In the above configuration, Nginx "integrates" the two sets of web services we mentioned from Ruby and Node, and performs basic caching operations for static resources, and does a week-long LRU cache for cacheable content.

Seeing this, our service seems to be running normally. But is there really no problem?

Application bug fixes and architecture tuning

When we got the service up and running, even though the application seemed to be working fine, at this point we ran into the first problem. The warning message "X-Accel-Mapping header missing" frequently appears in the log.

The reason for triggering this problem https://github.com/mastodon/mastodon/issues/3221 , but the community has not given a good solution. The solution to this problem is actually very simple. It is enough to completely move the static resources out of the Ruby Web service: firstly, it can solve this problem, and secondly, it can improve the overall performance of the service, and make the service easier to scale horizontally in the future.

At the same time, when we try to upload pictures or videos, you will find that we always get an error return due to the permissions of the container mount directory. Some people will use the chmod 777 Dafa to solve the problem, but this is not a best practice: there are potential security problems, and the ability of your application to scale horizontally becomes very poor.

Of course, there are still some details, which we will deal with later, and deal with the above two issues first.

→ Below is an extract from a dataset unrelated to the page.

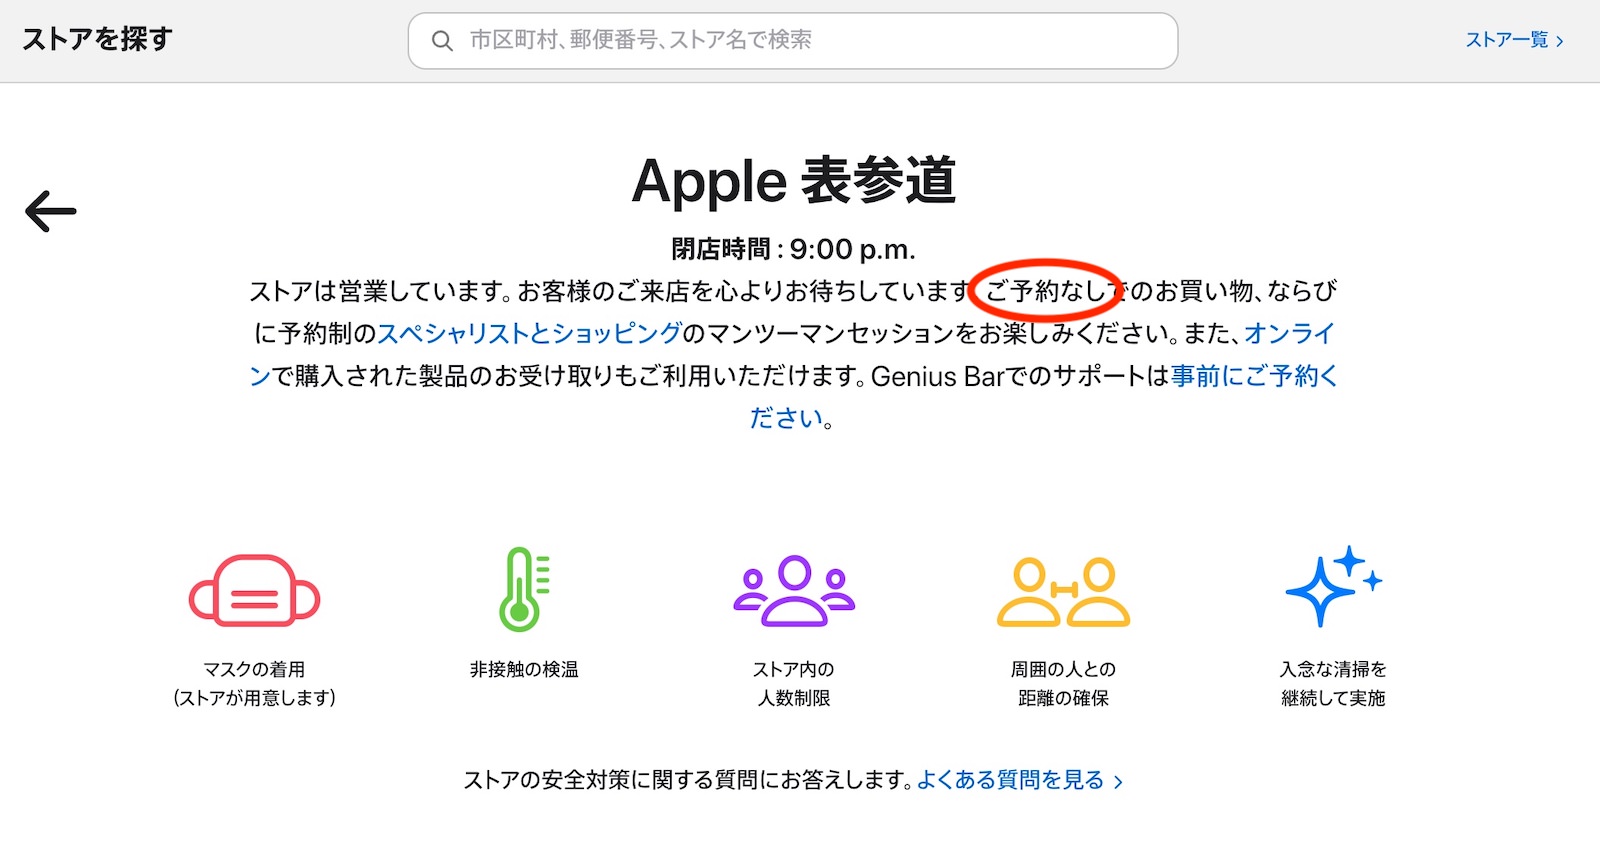 Apple Omotesando no preorder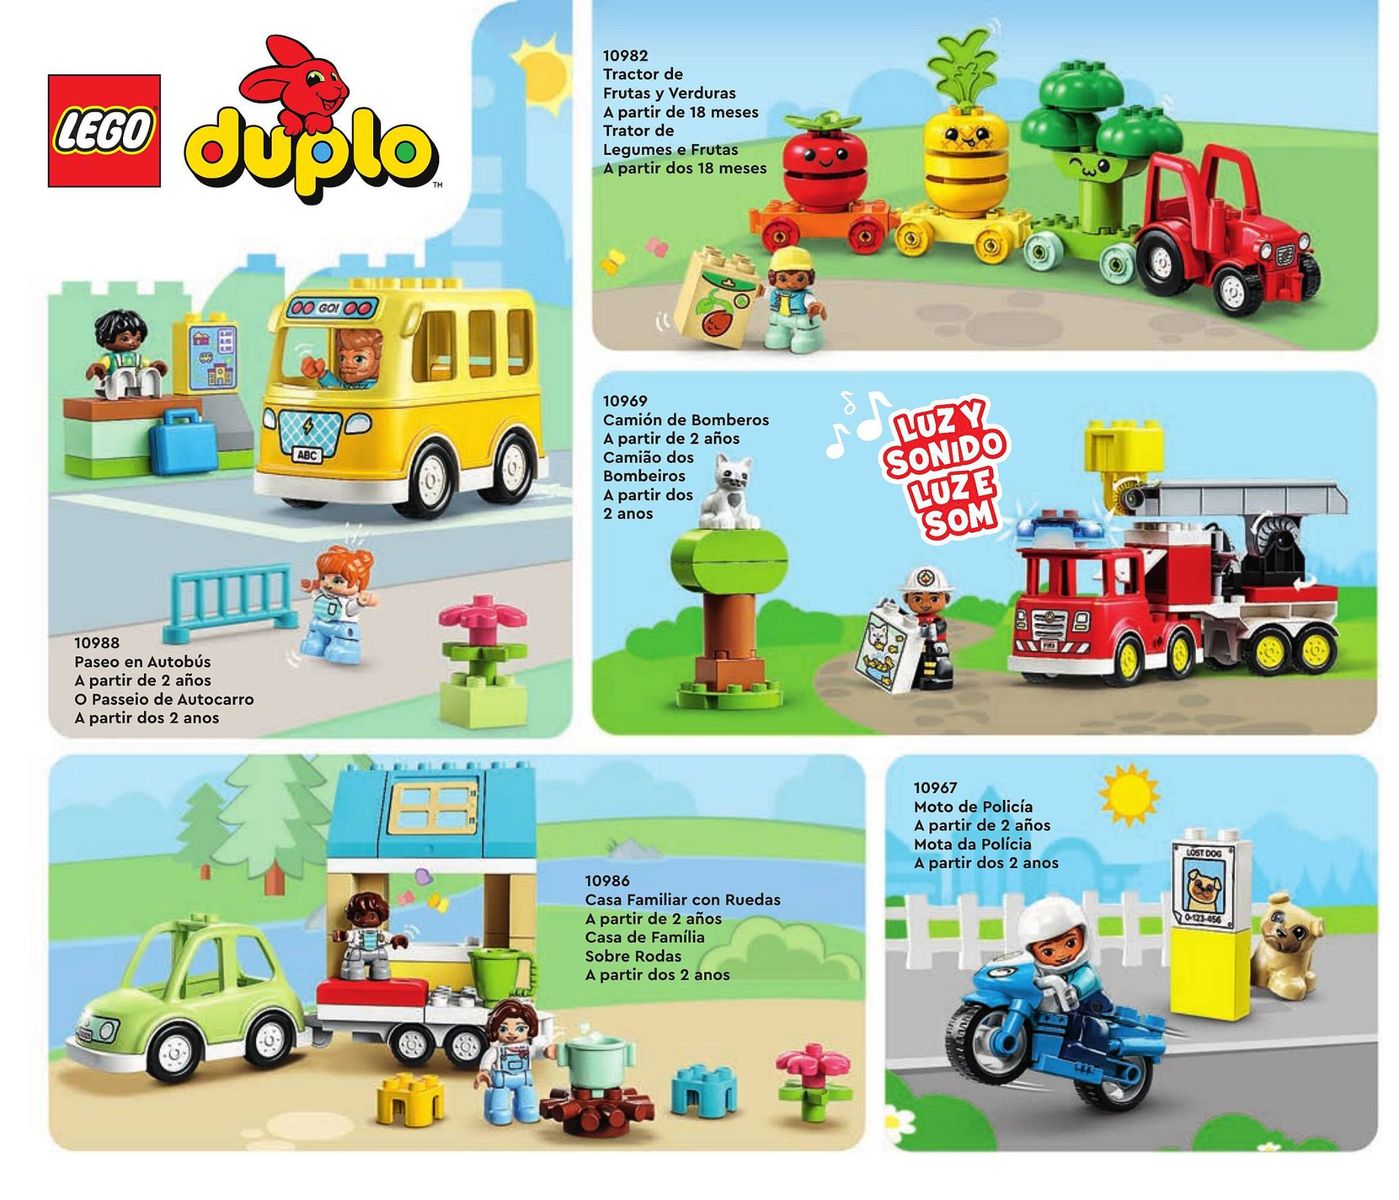 Brinquedos em promoção: Trator de 3 eixos e Camião dos Bombeiros

Split static resource services

When it comes to splitting application dynamic and static resources, we can't help thinking of CDN in the cloud service environment. In Mastodon, the app supports setting CDN_HOST to split static resources to CDN servers. However, most service maintainers will implement the solution of letting the CDN dynamically return to the source. Under the premise of ignoring a certain degree of data consistency, such maintenance costs are very low, and no adjustments and application changes are required.

But just doing this will not solve the problem we mentioned in the previous article (the CDN time limit is up, and the above problem will still be triggered back to the source). And it is also not conducive to privatized deployment and use (there are additional costs, and it has to rely on public network services).

A better solution here is for our static resources as a separate service running .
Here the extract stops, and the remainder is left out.